Hey that's great - we need more people interested in breeding mice for exhibition! Good for you 

No, you don't have to attend every show, show as much or as little as you want to. Entry is usually 60p per mouse.

You need to get hold of some Maxey show cages, mice can't be shown in anything else. The NMC does have a Maxey recycling scheme and secondhand Maxeys from there are only a fiver, but there does tend to be a wait. You could buy them brand new from http://www.showcages.co.uk for a tenner or you could try and make your own, specifications are provided upon joining the NMC. (As someone who's tried to make them, I can tell you it's well worth buying them!!). In the Maxeys you'll need to have substrate, hay or plain white shredded paper, food and a source of moisture like a piece of cucumber.
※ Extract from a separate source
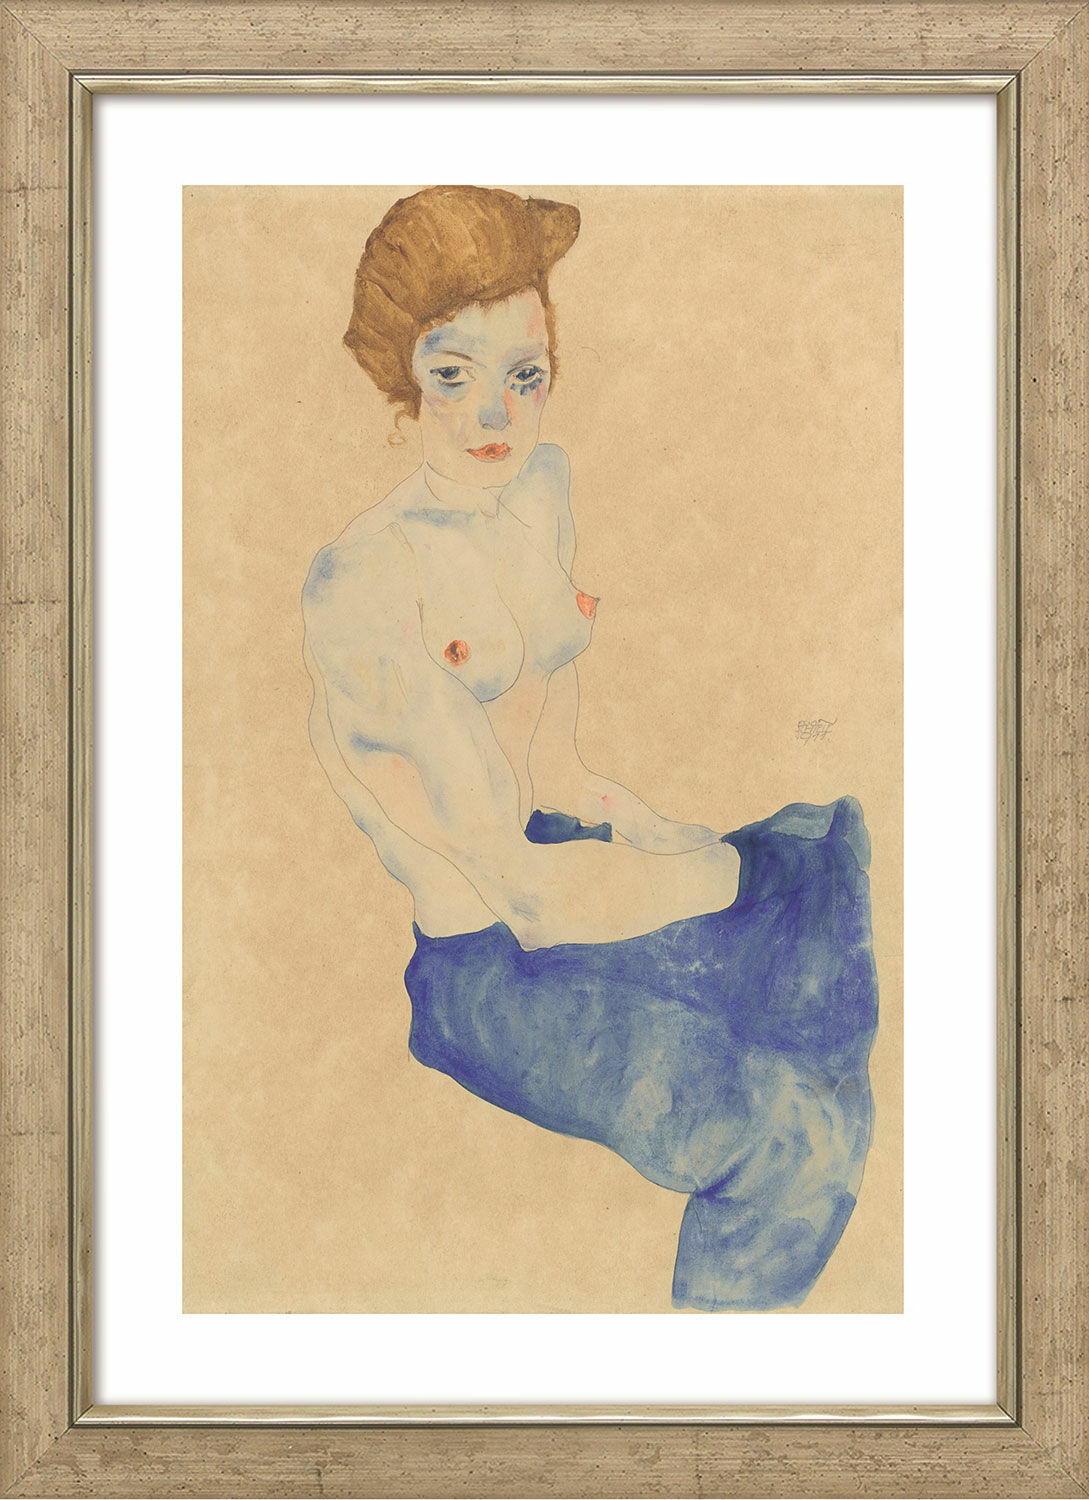 Beeld "Zittend meisje met ontbloot bovenlichaam en lichtblauwe rok" (1911), ingelijst von Egon Schiele

If you subscribe to the NMC news on joining the NMC you'll get the show schedule which lists all the classes and their numbers. Then, you just ring up the designated member before the deadline and tell him/her how many mice and which classes. It's all mega-easy 

First thing I'd advise you to do is join the NMC. You'll get the yearbook which contains a directory of members at the back. You'll be able to see who's near you and there are also a lot of adverts from established breeders throughout. Fanciers are always ready to help people seriously interested in breeding and showing mice.

Sarah xxx


----------



## rosanna (Dec 1, 2010)

thank you, i currenty own 3 african pygmy dormice, and that is my mouse owning history, but i love the sound of showing mice, i understand the coulours but i still dont understand some of the showing e.g opposite age classes 
, what does this mean


----------



## SarahY (Nov 6, 2008)

Shows are split into five sections - self, satin, tan, marked and AOV (which stands fro any other variety). The classes are in each section; in self you'd have PEW, Black, Silver/Champagne; in Tan you'd have black tan, chocolate tan, silver tan; and so on.
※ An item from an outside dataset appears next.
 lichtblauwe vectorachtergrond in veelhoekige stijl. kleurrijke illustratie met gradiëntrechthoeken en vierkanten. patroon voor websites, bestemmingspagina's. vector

The classes are Adult and U/8 (under 8 weeks old). If you entered a pink eyed white mouse in PEW U/8 and it won it's class, it would go forward to the self challenge, which compares all the winners of the self classes. So say an adult black won best self, the best opposite age would be the best of all of the mice entered in the U/8 classes. Your young PEW could win that and become the BOA Self.

The winners of each section are entered in the grand challenge, which is for best in show. If a baby champagne satin won best in show, the opposite age would become all of the adults and the black that won best self could beat all of the other adults and become the BOA in Show.

Sarah xxx


----------



## rosanna (Dec 1, 2010)

ok thank you that mqakes sence now


----------